Assignment: Repeat exactly what runs from the line with "Eddie’s Green Thumb - Slick Cat Books" through the last line of the material, and keep the pictures out of it.

Material for this task:

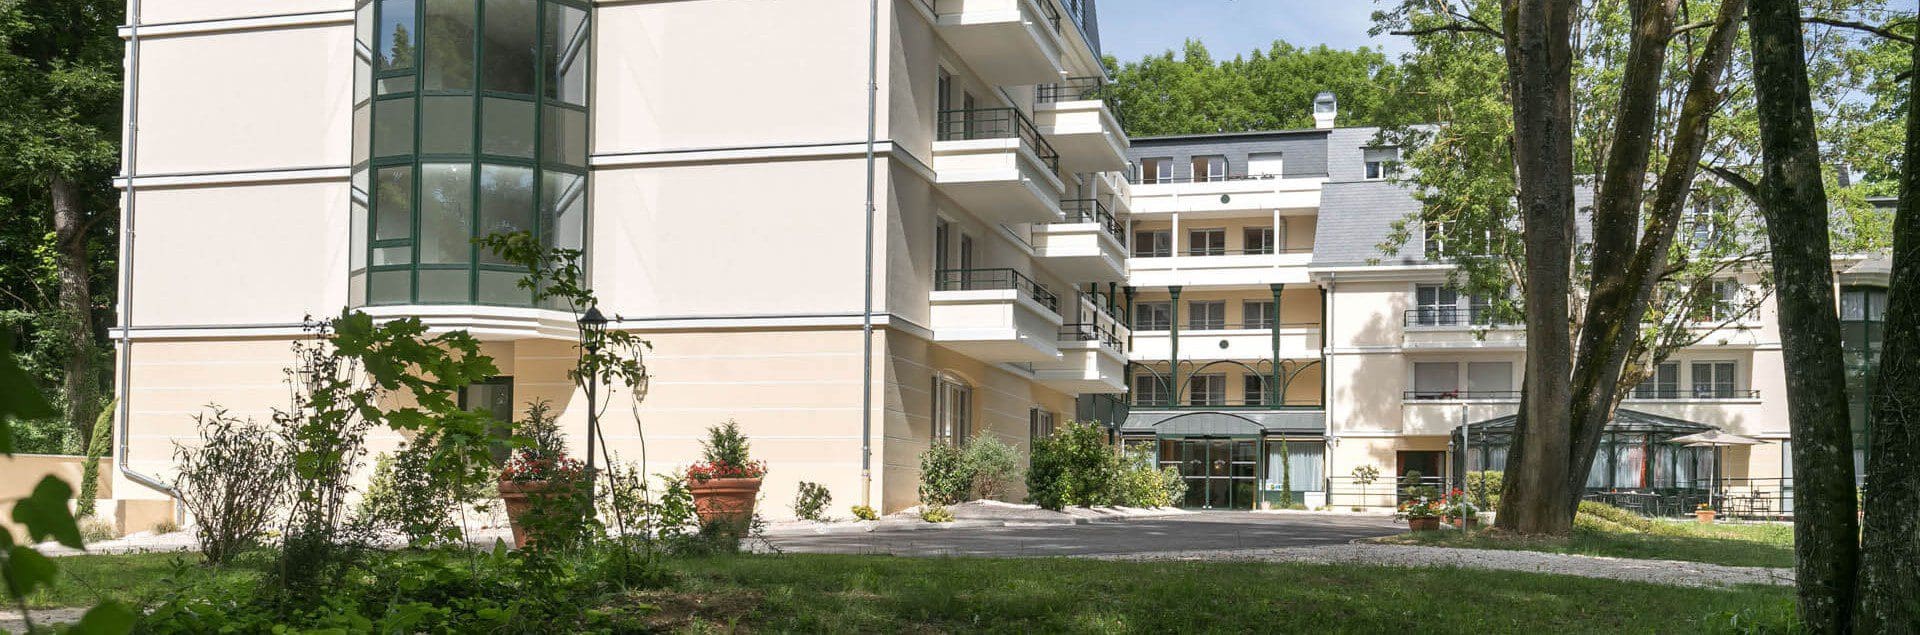 Solution d'hébergement pour séniors, Résidence senior Dijon Villa Médicis
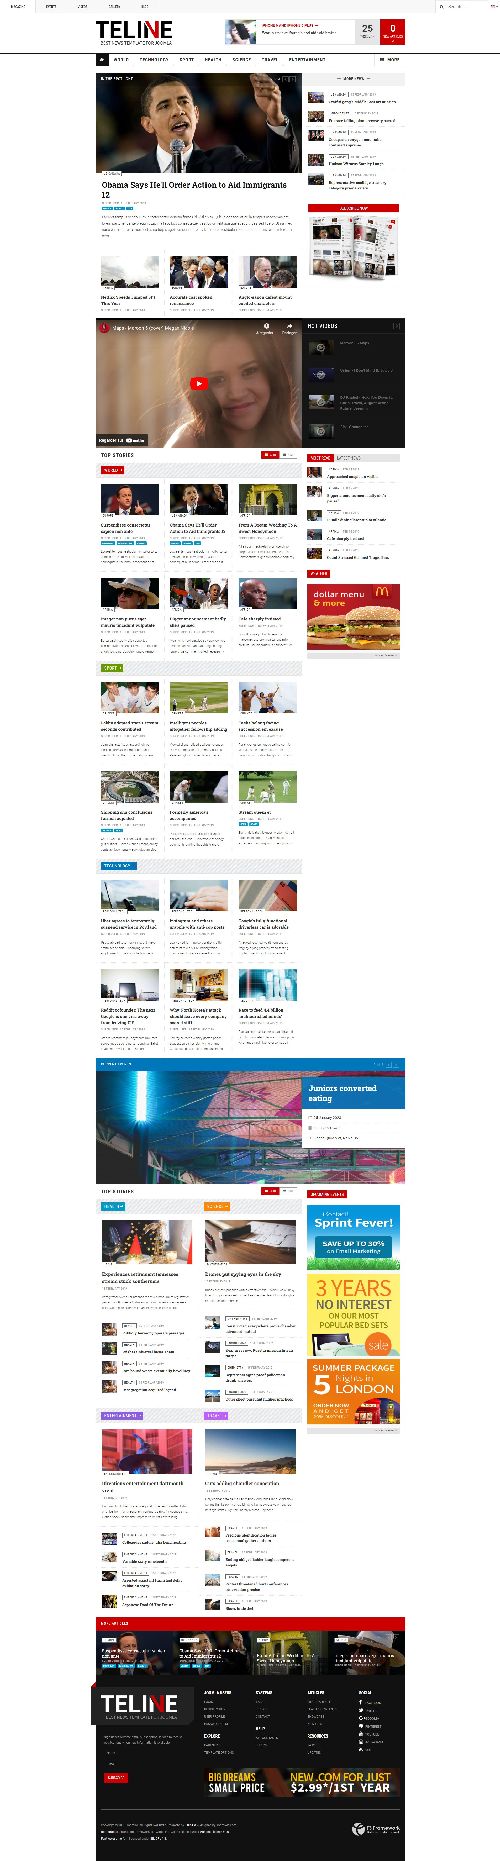 JA Teline V - Joomla 4 Template News and Magazine Websites
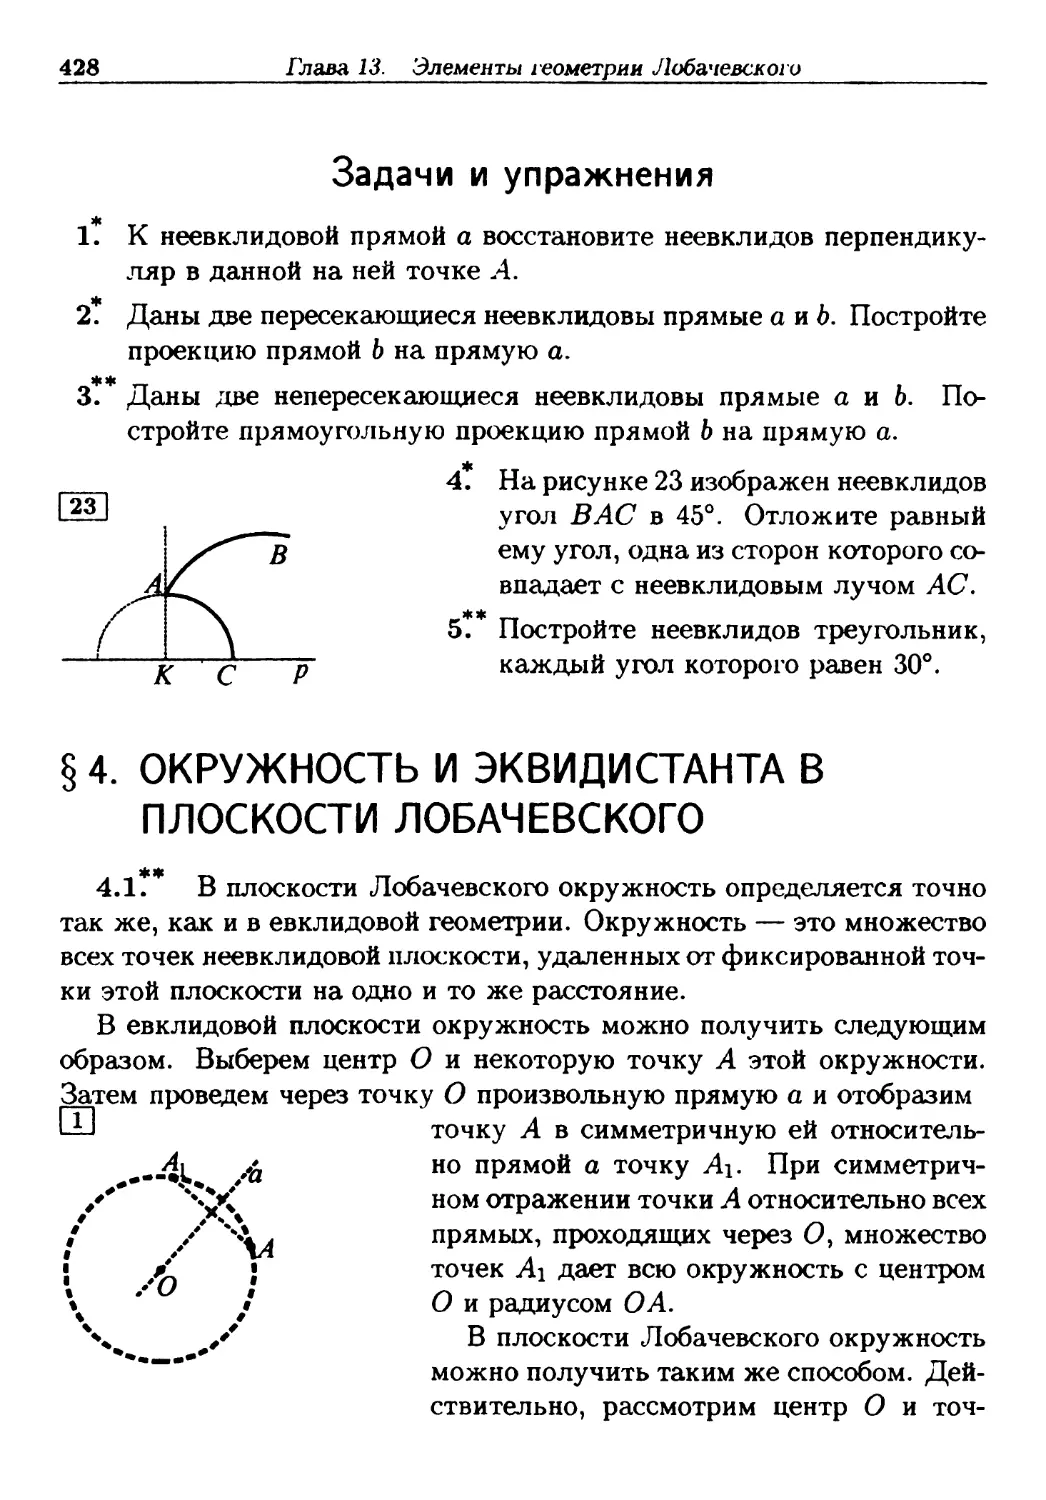 §4. Окружность и эквидистанта в плоскости Лобачевского
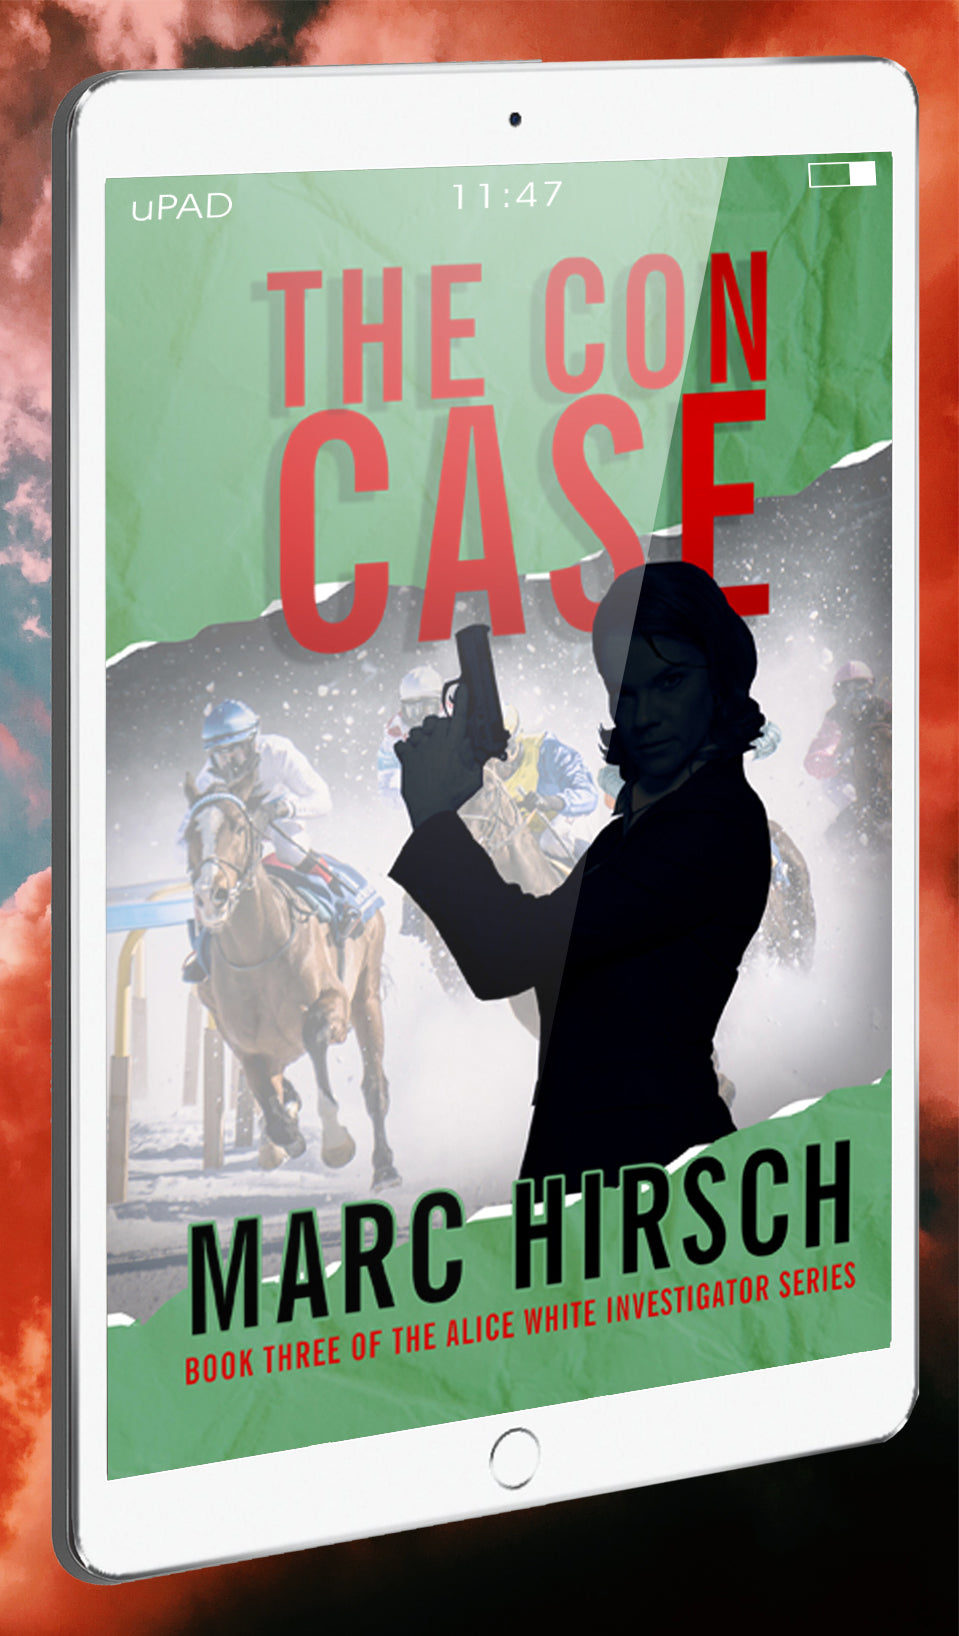 The Con Case eBook: Alice White Investigator Series Book 3
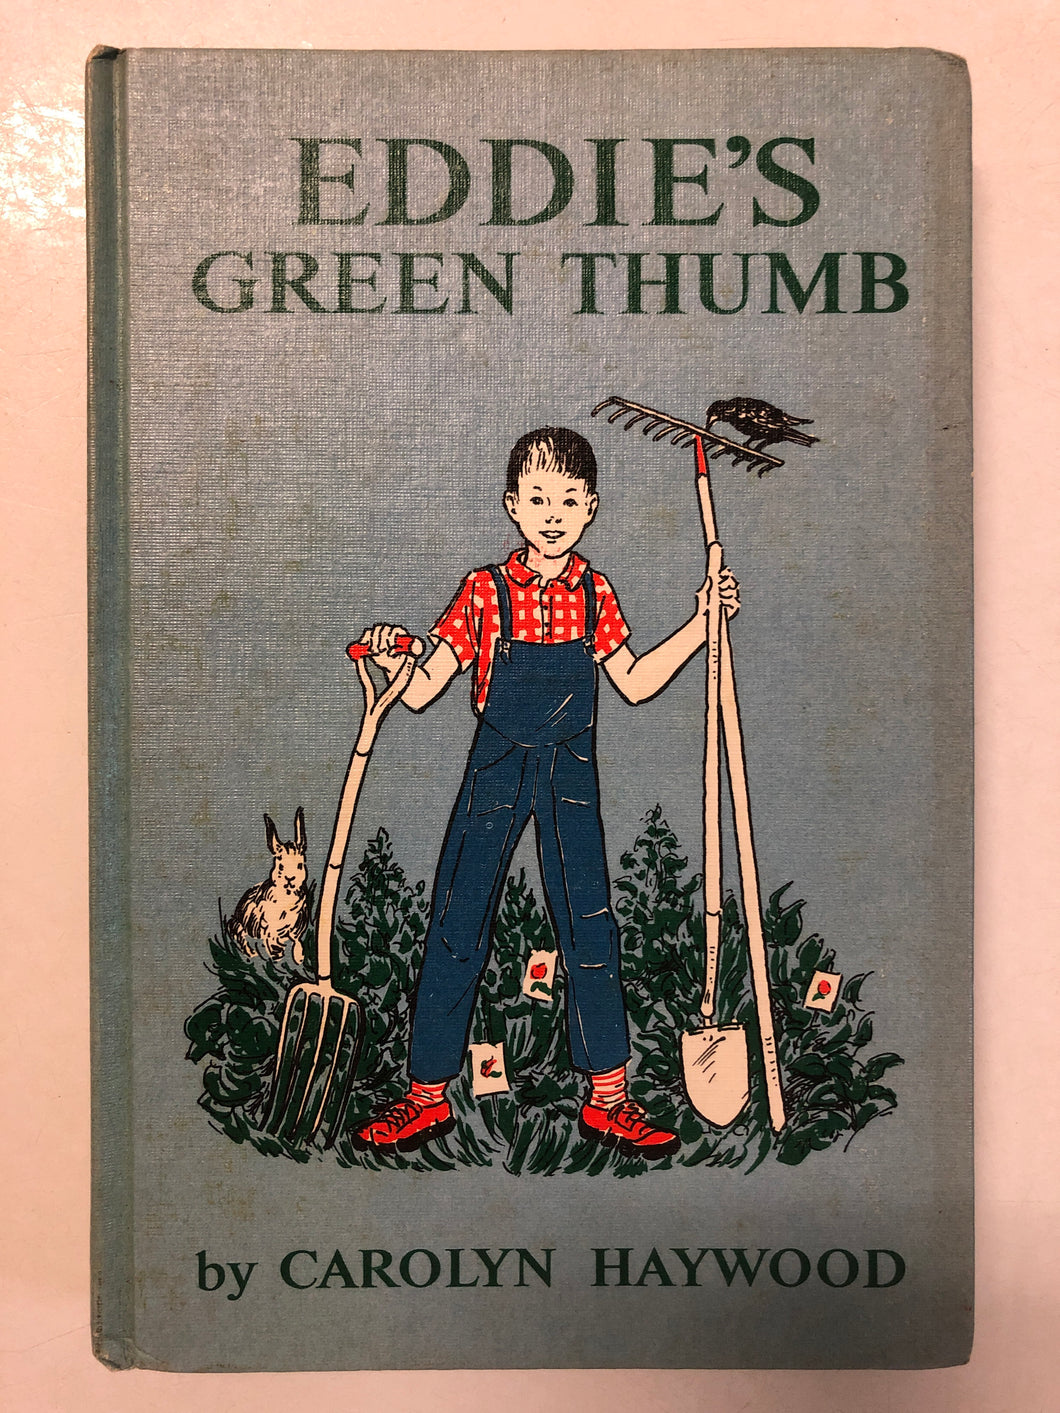 Eddie’s Green Thumb - Slick Cat Books 
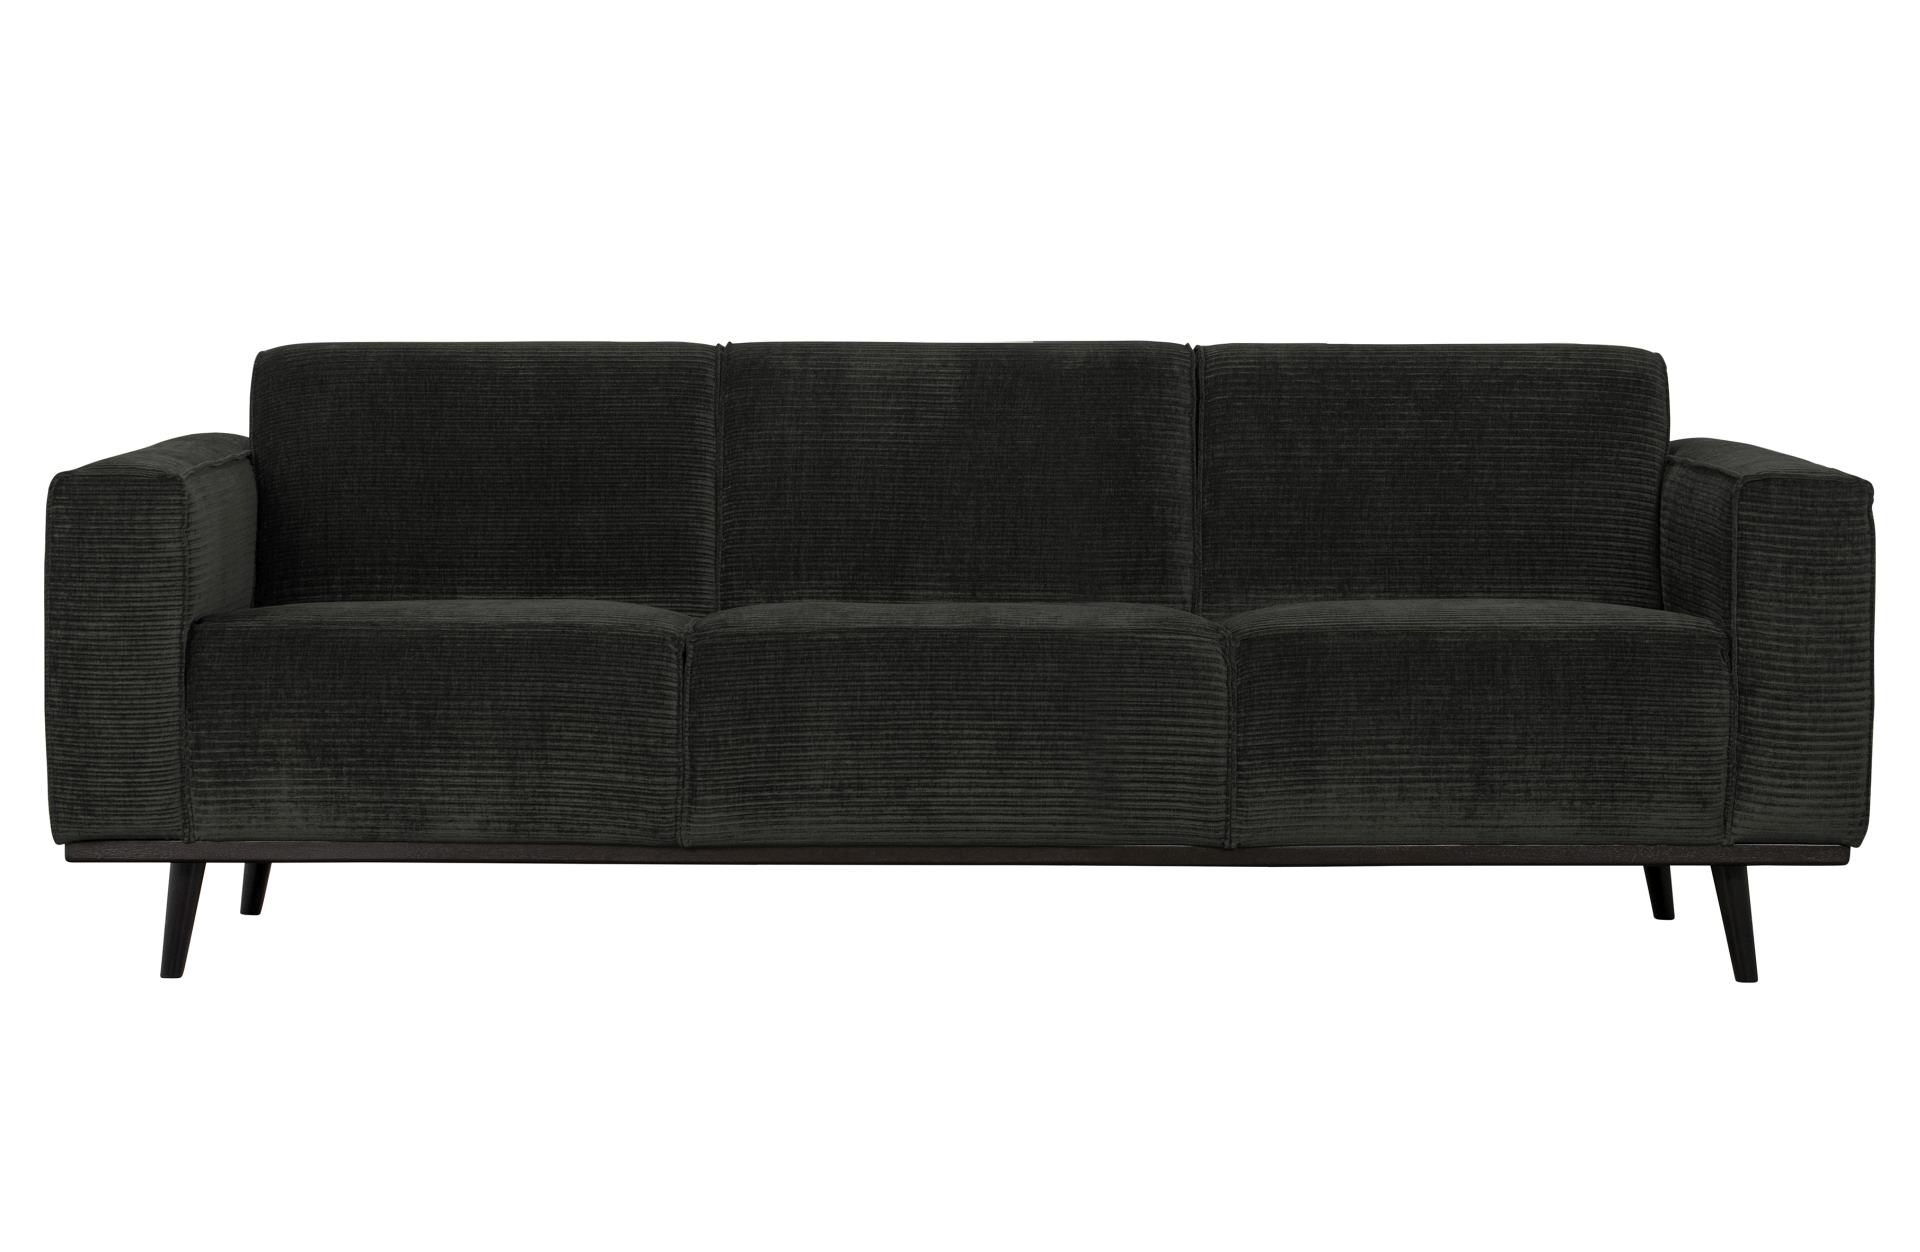 Das Sofa Statement überzeugt mit seinem modernen Design. Gefertigt wurde es aus gewebten Jacquard, welches einen Graphit Farbton besitzen. Das Gestell ist aus Birkenholz und hat eine schwarze Farbe. Das Sofa hat eine Breite von 230 cm.

Completed task:
 Eddie’s Green Thumb - Slick Cat Books 
 Das Sofa Statement überzeugt mit seinem modernen Design. Gefertigt wurde es aus gewebten Jacquard, welches einen Graphit Farbton besitzen. Das Gestell ist aus Birkenholz und hat eine schwarze Farbe. Das Sofa hat eine Breite von 230 cm.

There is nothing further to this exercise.